┏━━

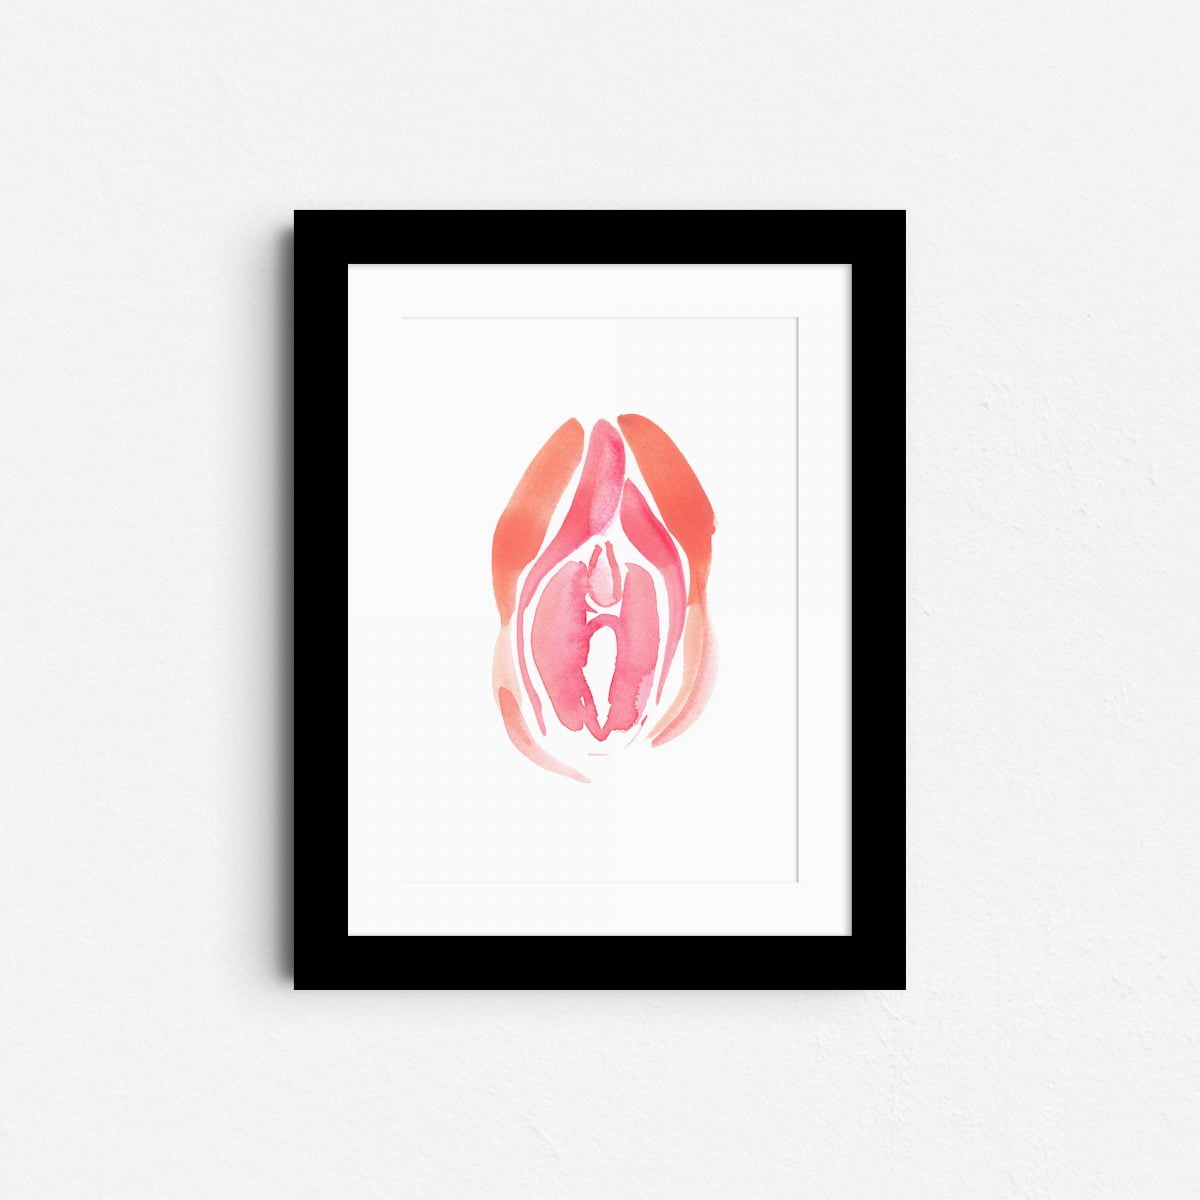 vida-a4-nude-erotic-wall-art-framed
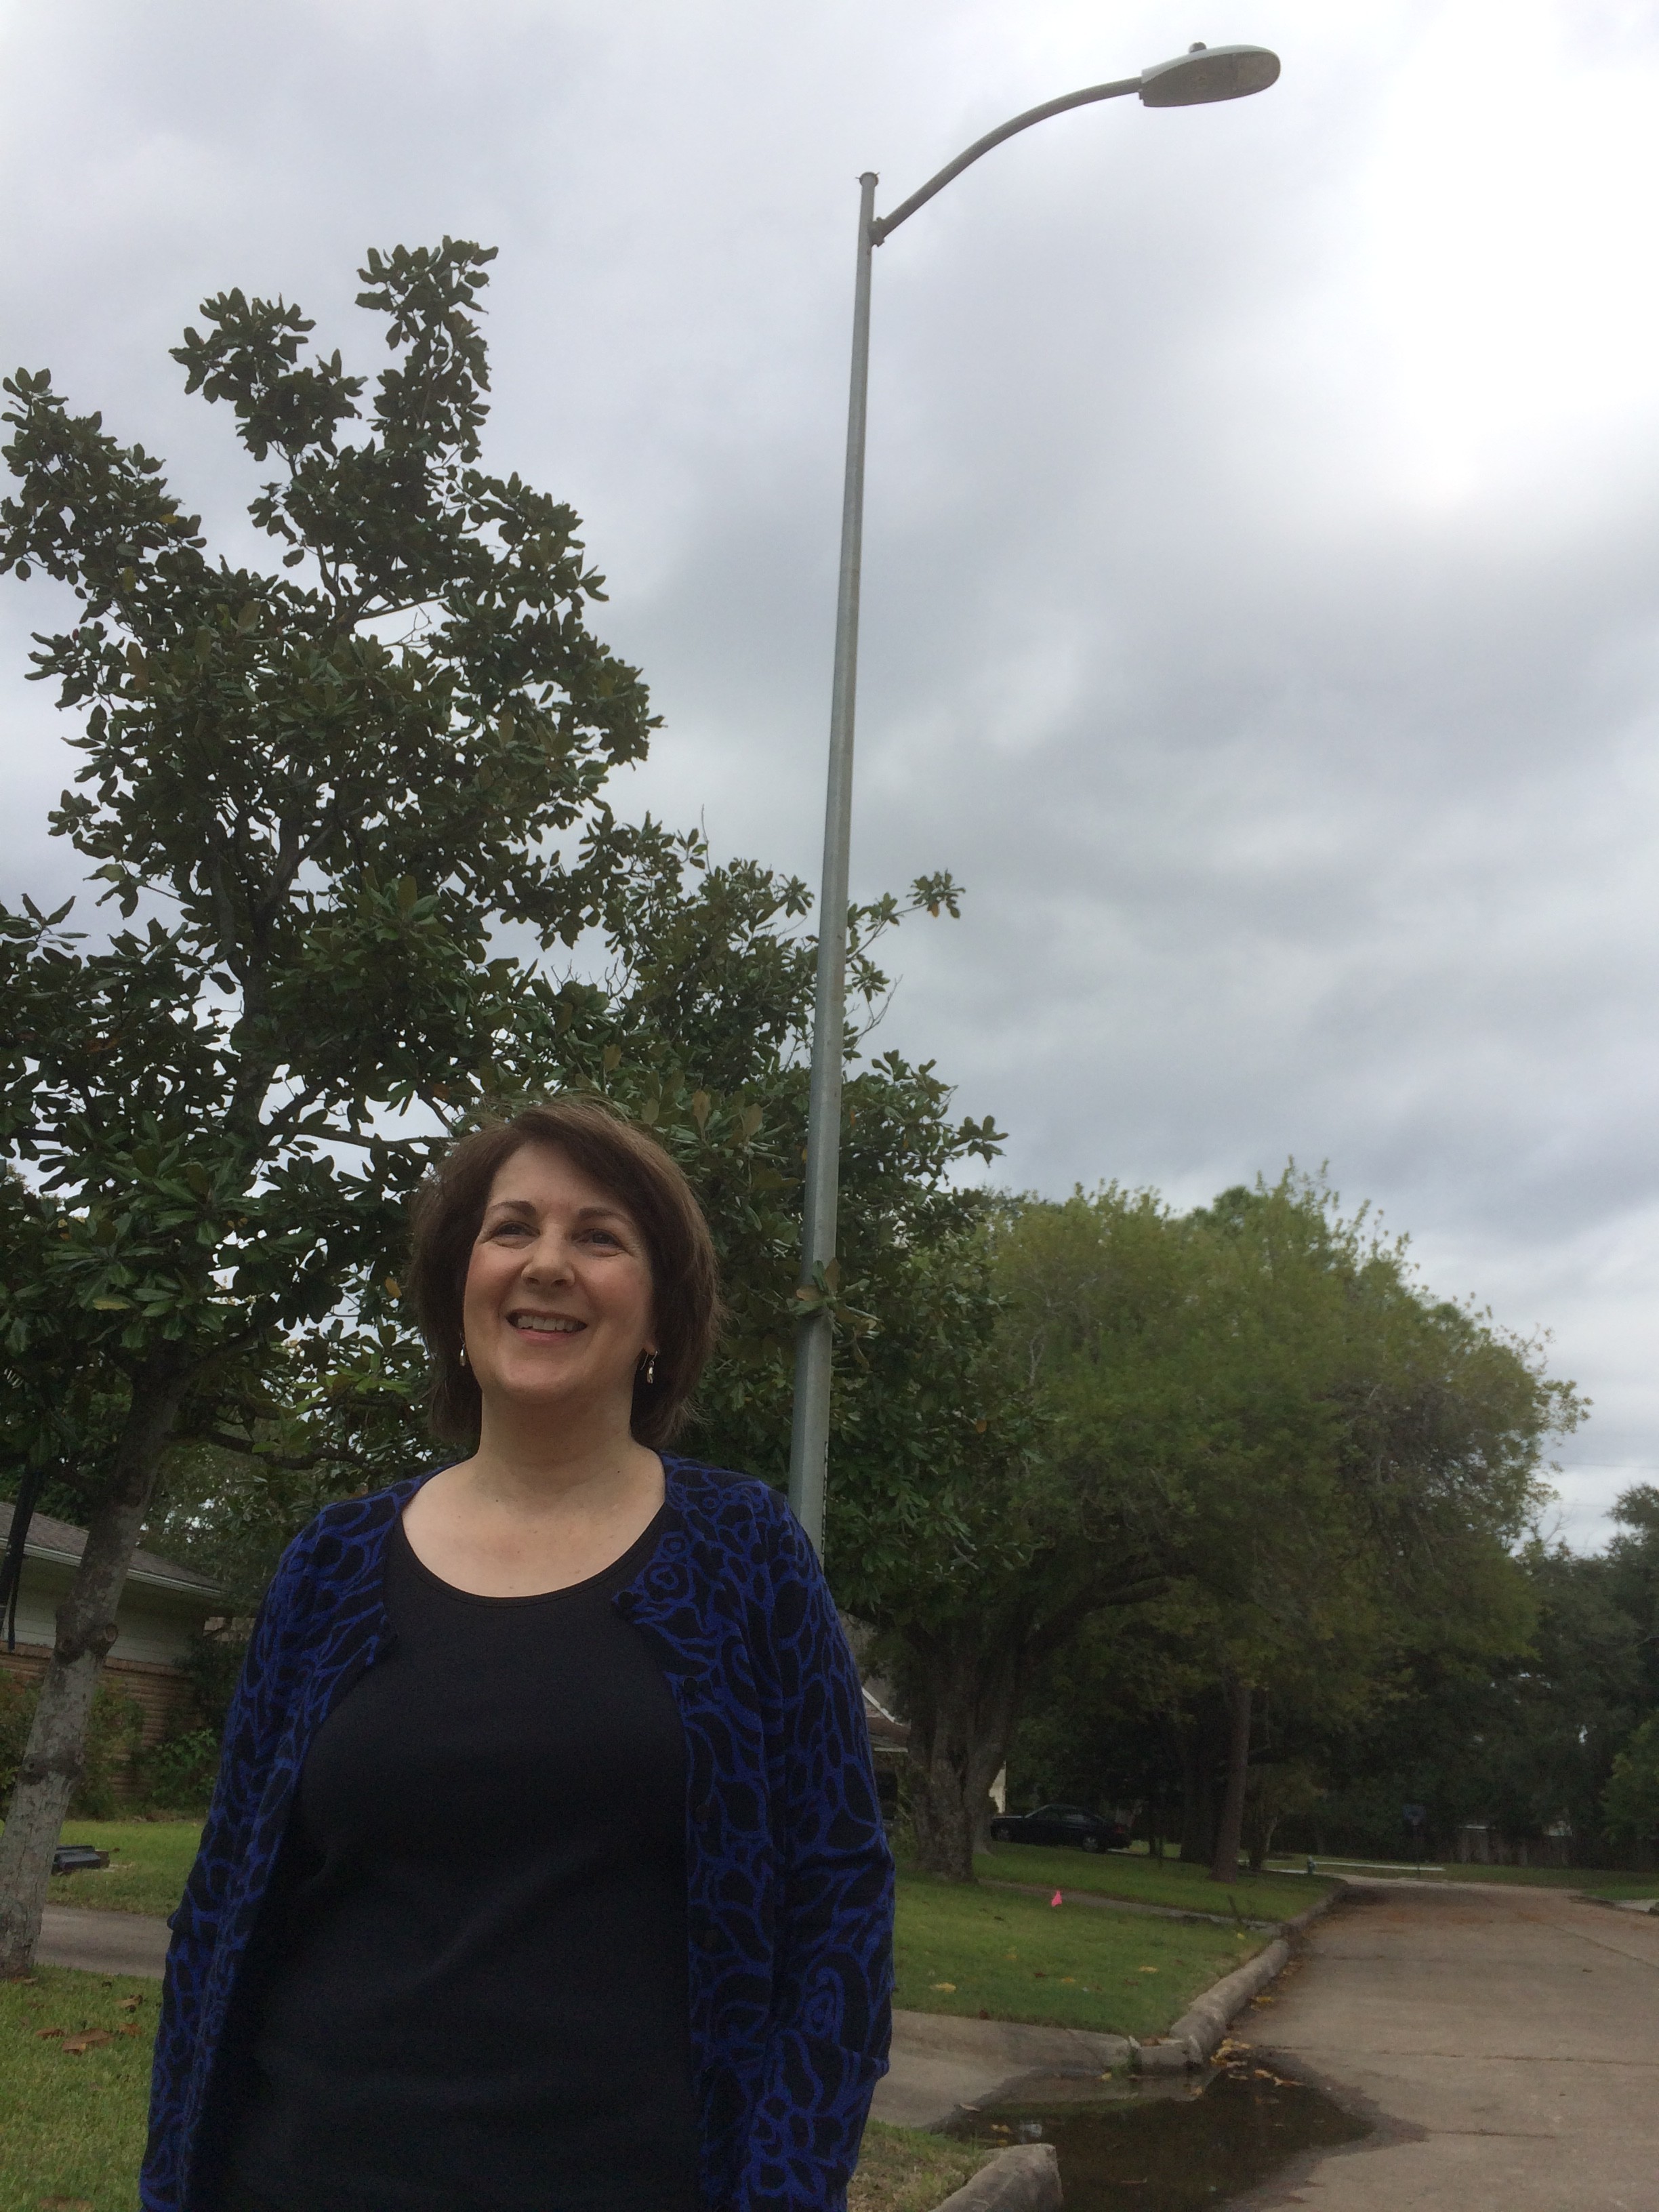 Debbie Moran in front of a light pole
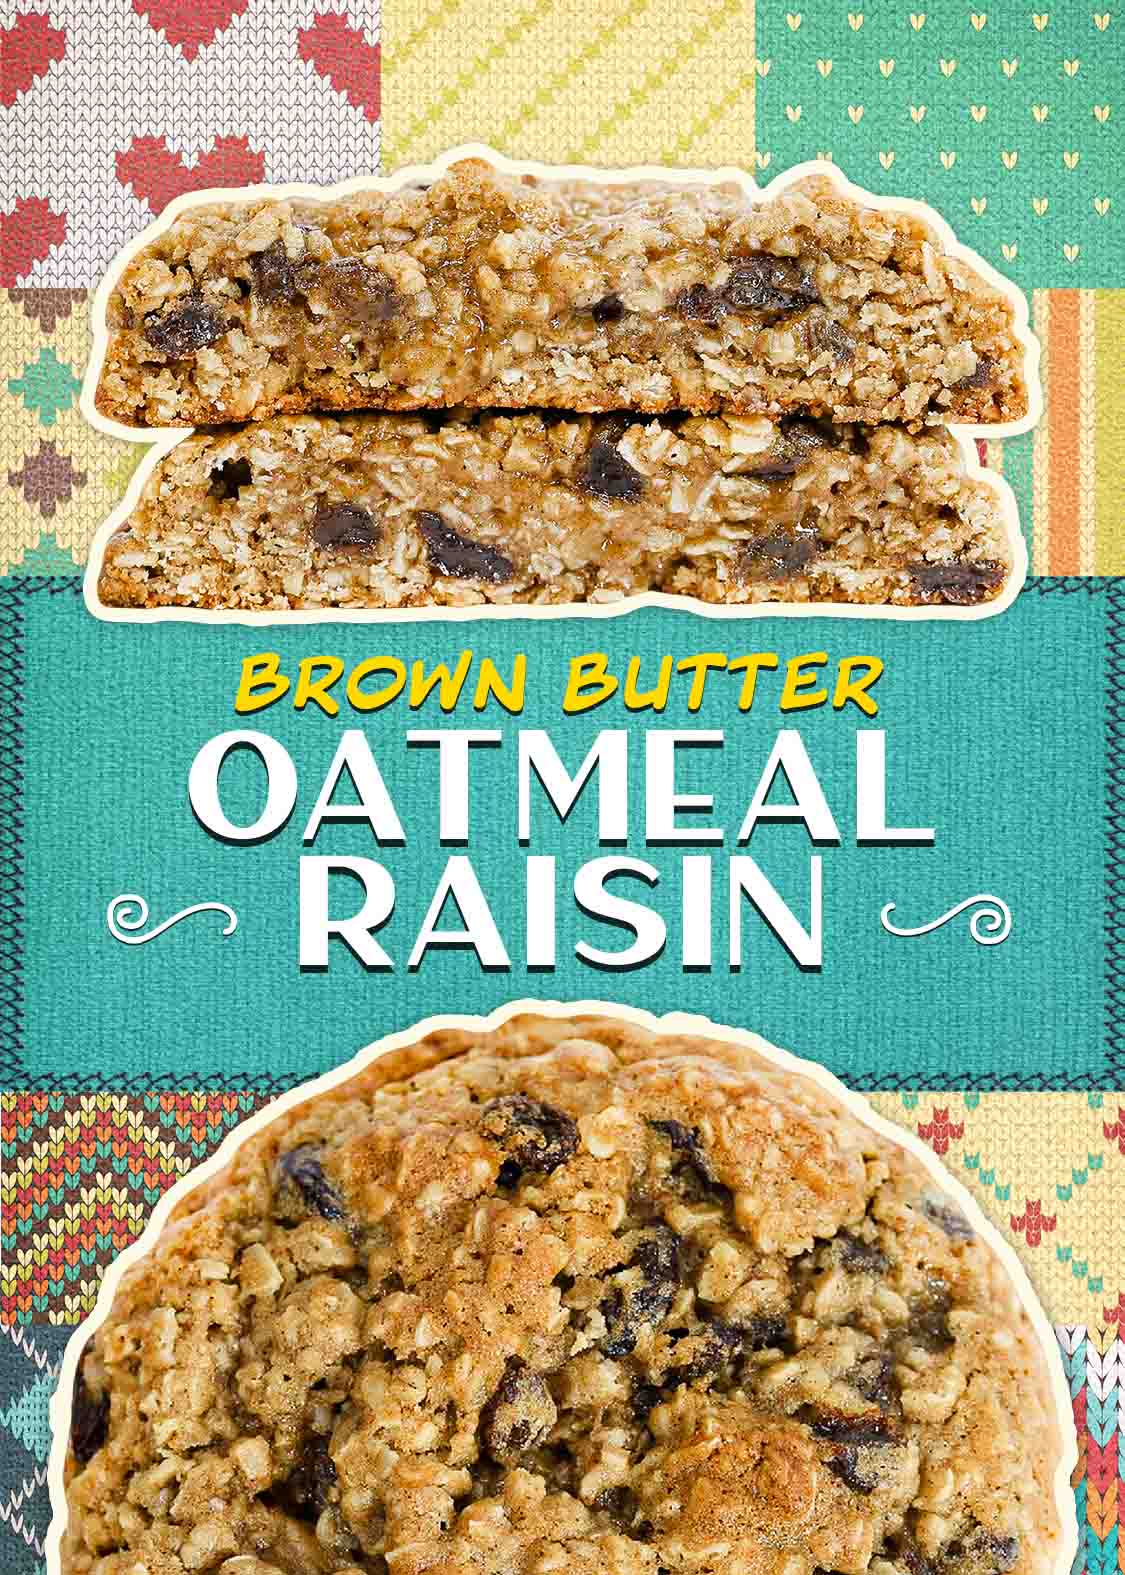 Brown Butter Oatmeal Raisin

┗━━

In transcribing the listing, keep each word as it is and drop the pictures.

_SOLVED PROBLEM_
 vida-a4-nude-erotic-wall-art-framed
 Debbie Moran in front of a light pole
 Brown Butter Oatmeal Raisin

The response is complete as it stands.